Top of Input material
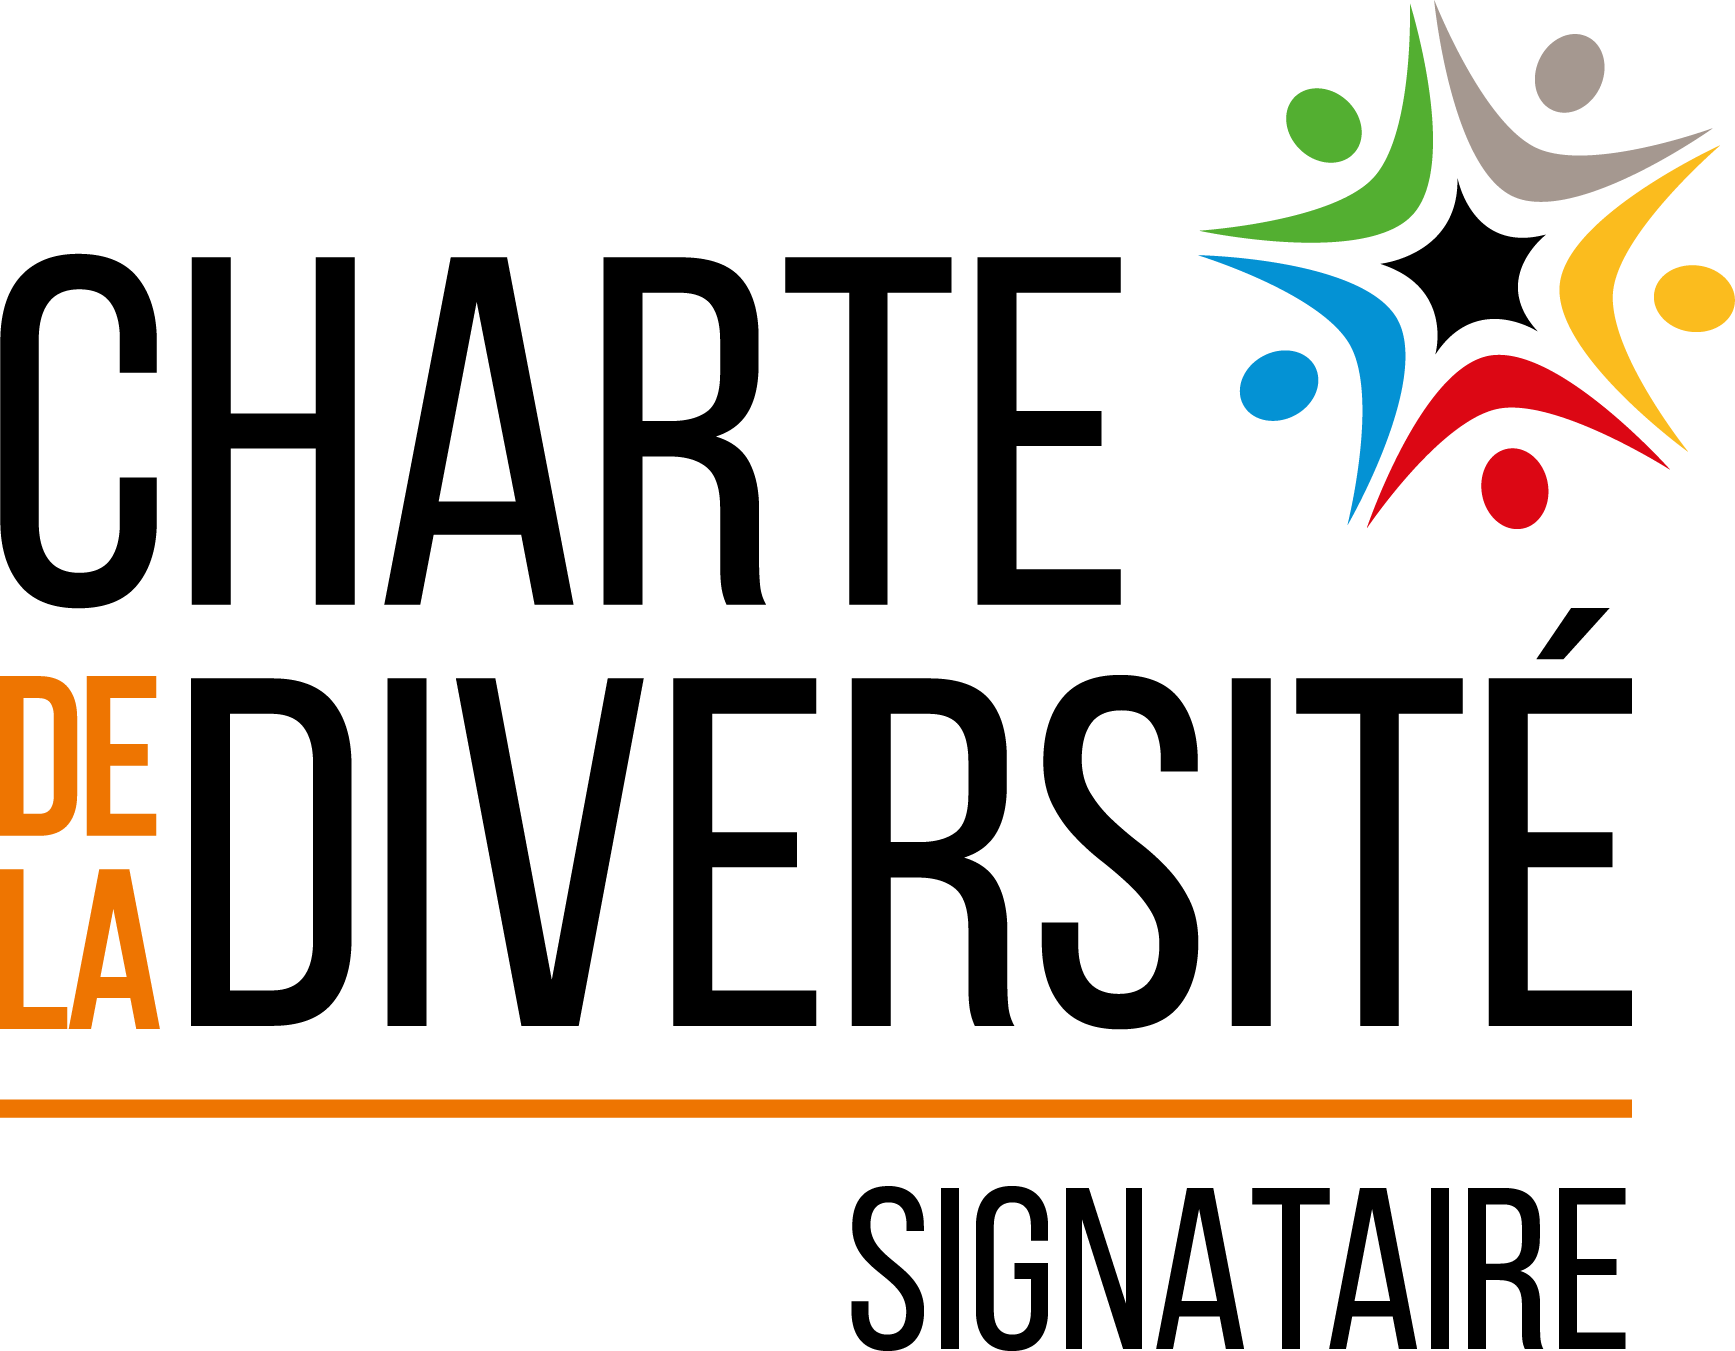 charte de la diversité
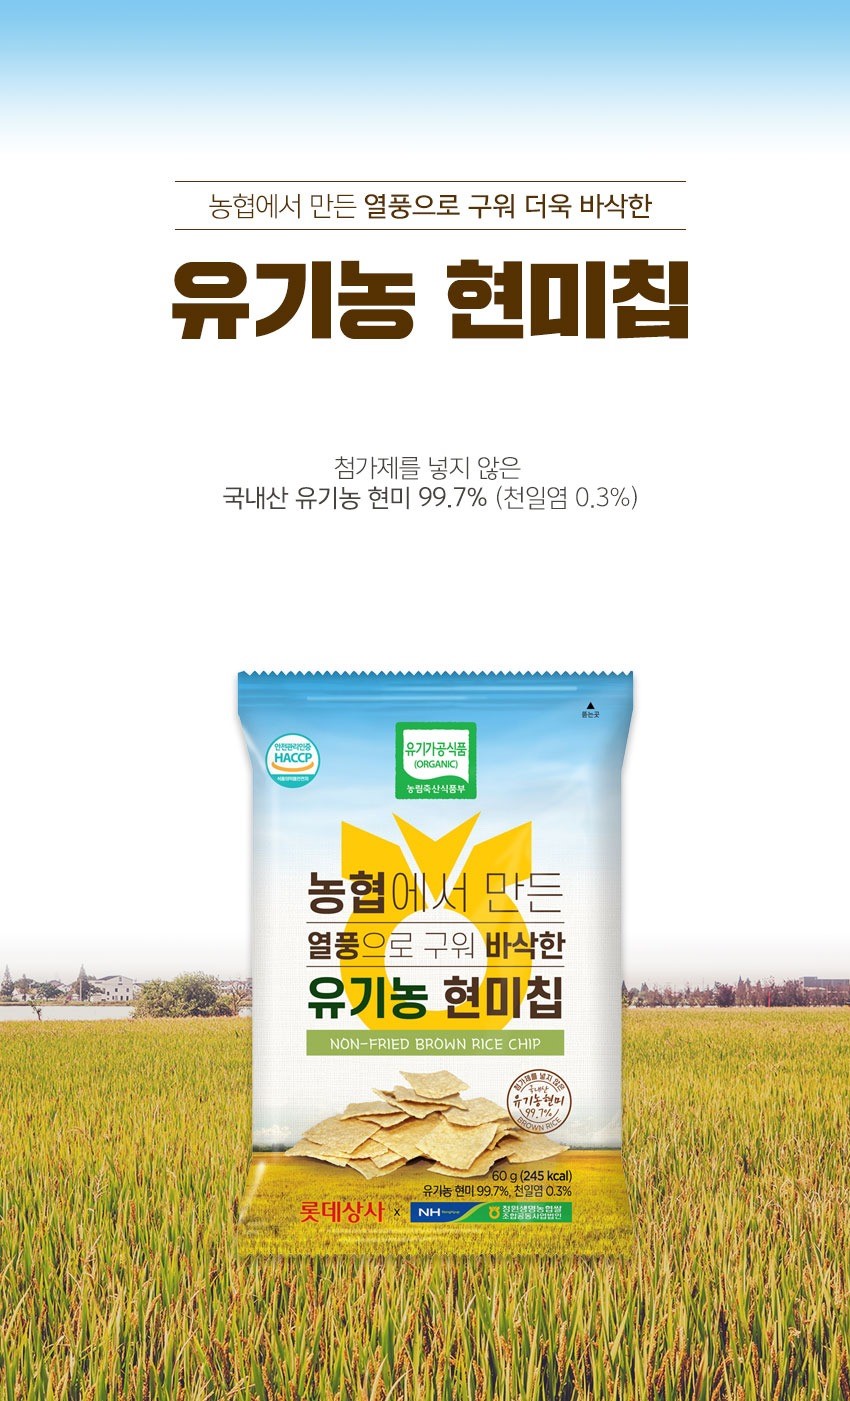 韓國食品-[농협] 튀기지않은유기농현미칩 60g
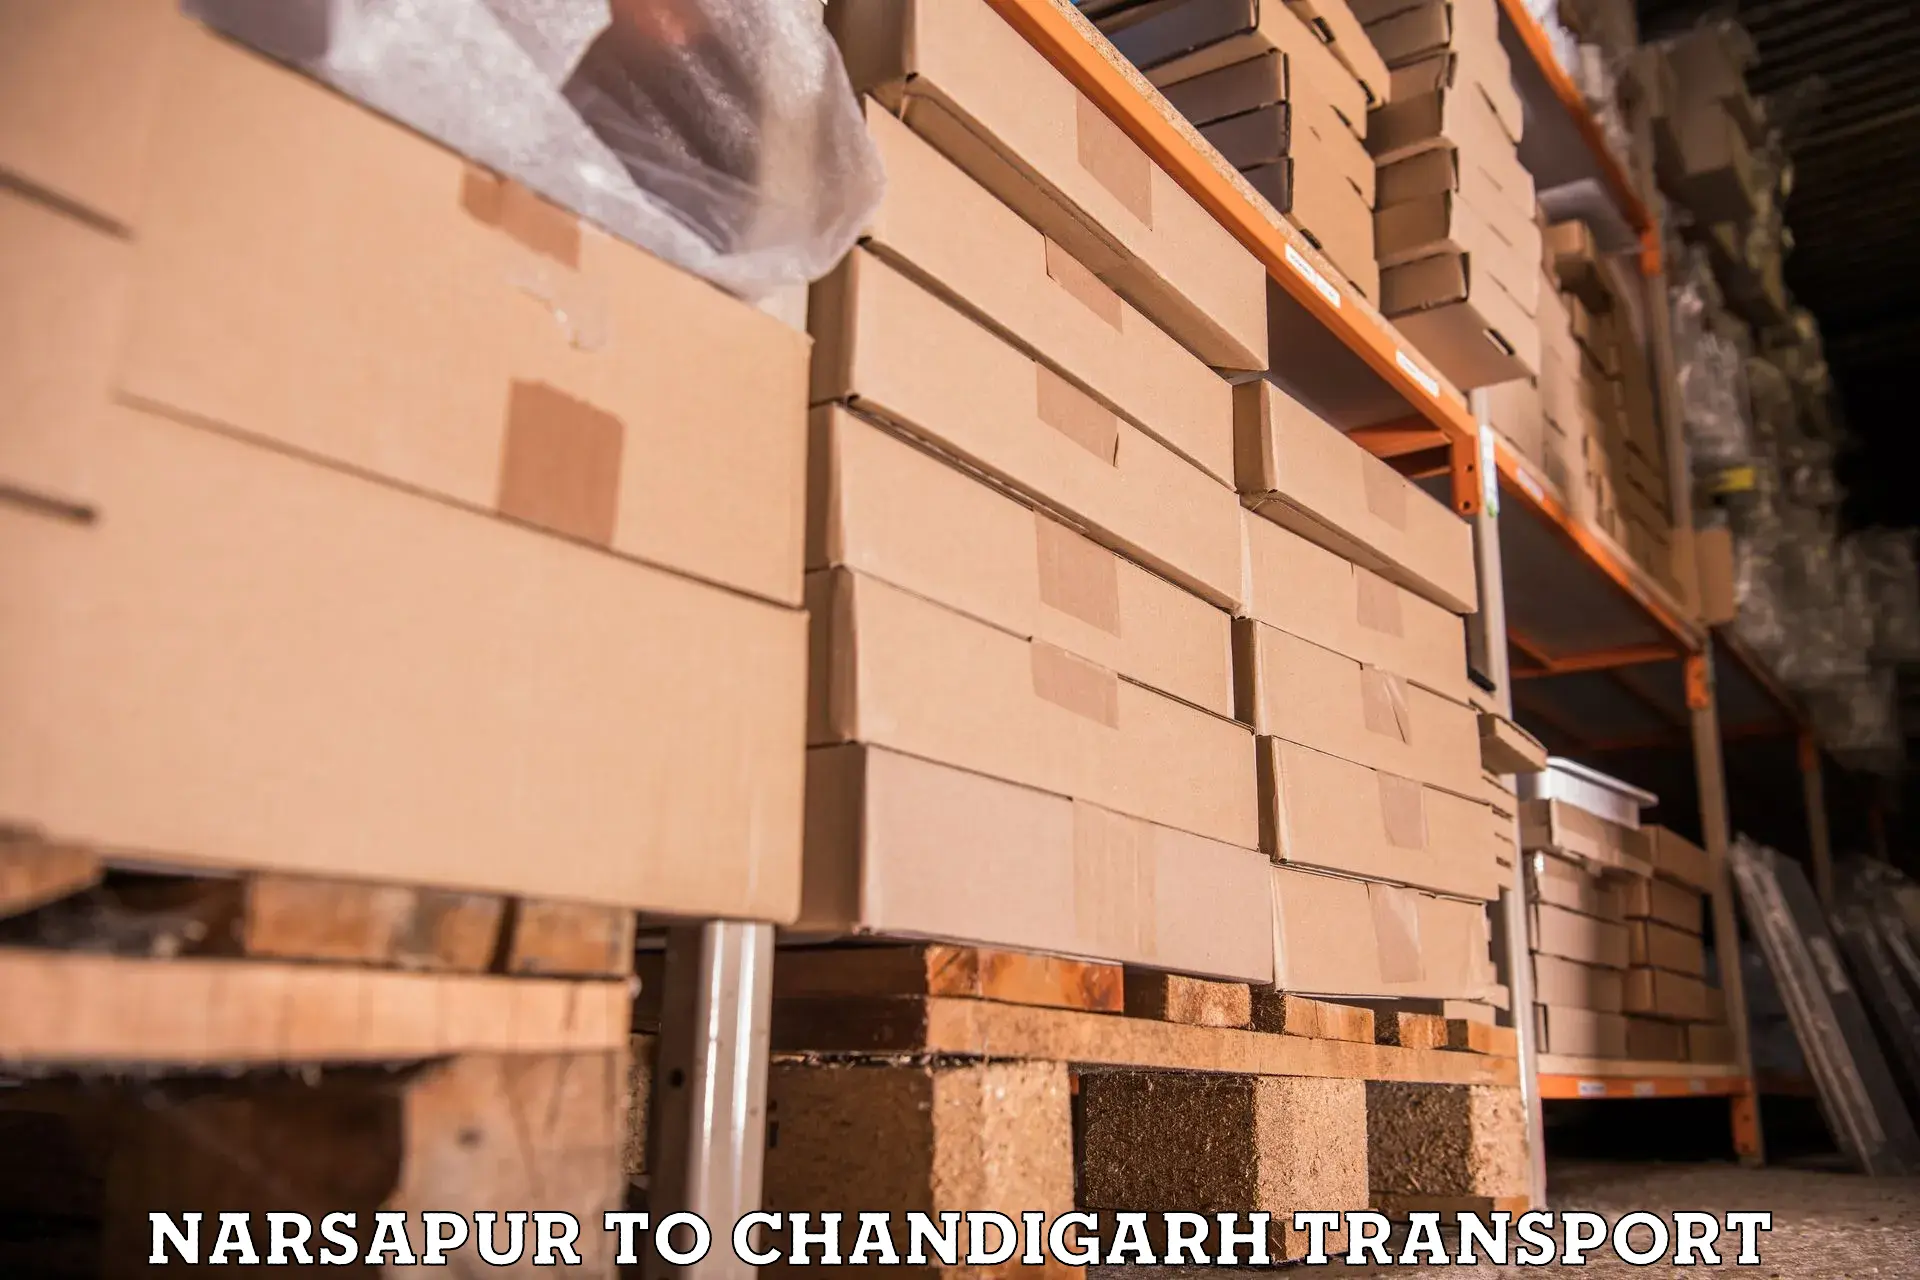 Online transport service Narsapur to Chandigarh
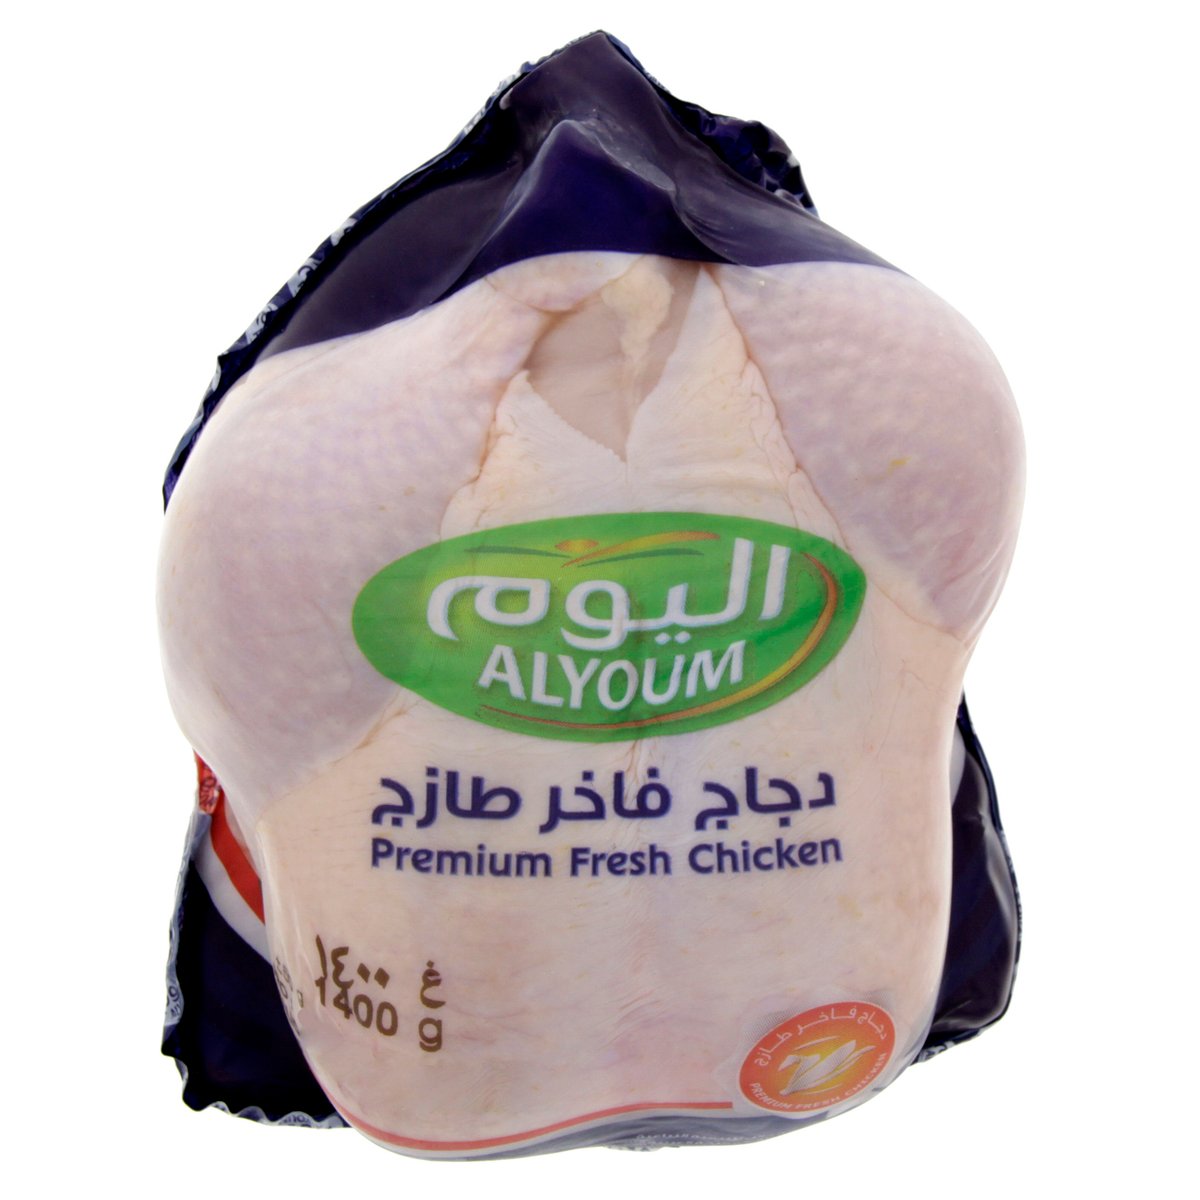 Alyoum Fresh Whole Chicken 1.4 kg
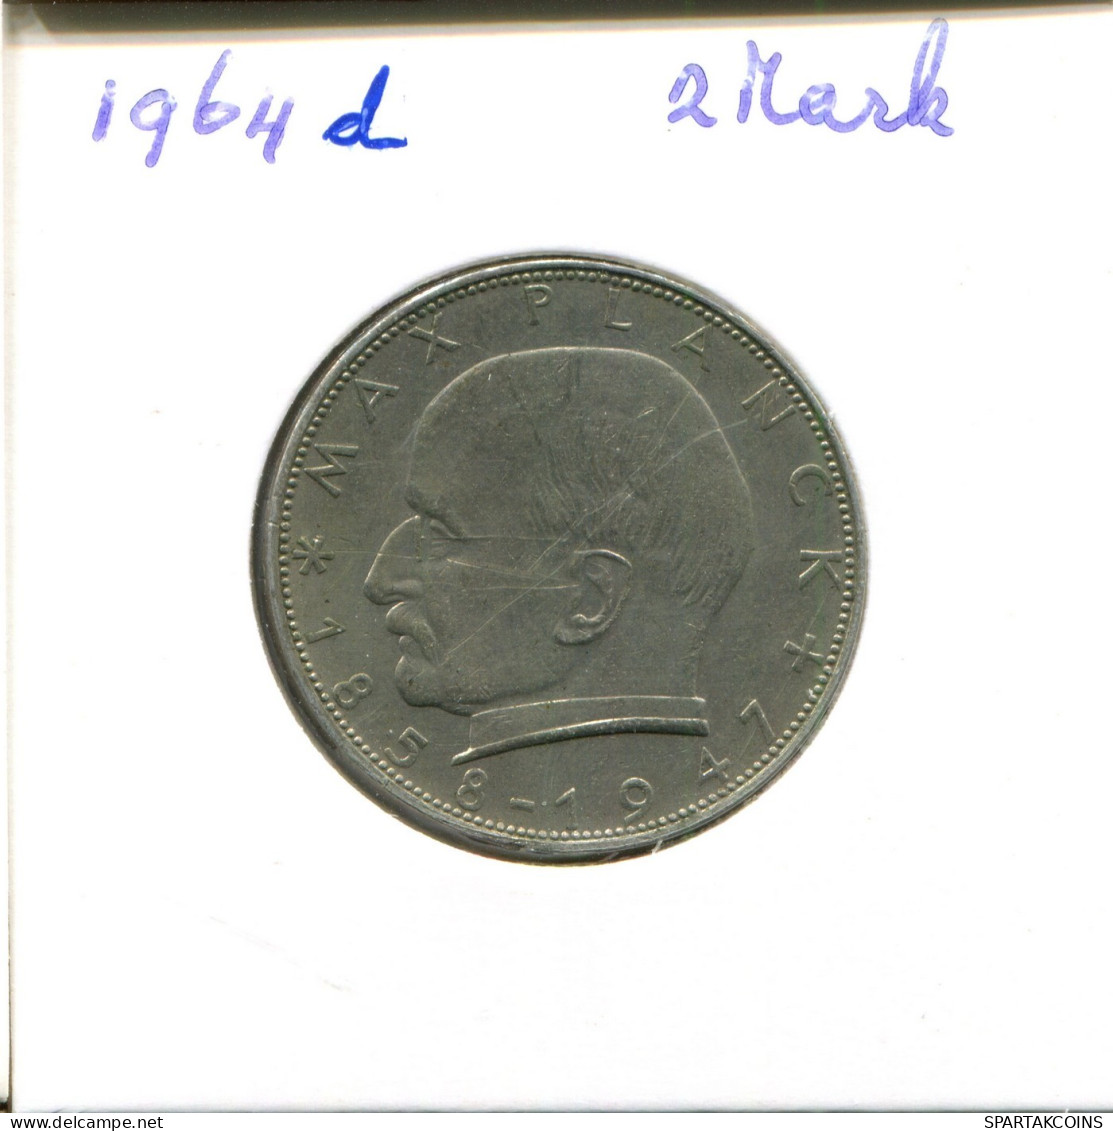 2 DM 1964 D M.Planck BRD ALEMANIA GERMANY PLATA Moneda #DA814.E.A - 2 Mark
Bottom of Input material
_Problem description_
In the data above, the line containing "韓國食品-[농협] 튀기지않은유기농현미칩 60g" and all lines after it are to be reproduced exactly, leaving out the pictures.

_Completed task_
 韓國食品-[농협] 튀기지않은유기농현미칩 60g
 Online transport service Narsapur to Chandigarh
 Alyoum Fresh Whole Chicken 1.4 kg
 2 DM 1964 D M.Planck BRD ALEMANIA GERMANY PLATA Moneda #DA814.E.A - 2 Mark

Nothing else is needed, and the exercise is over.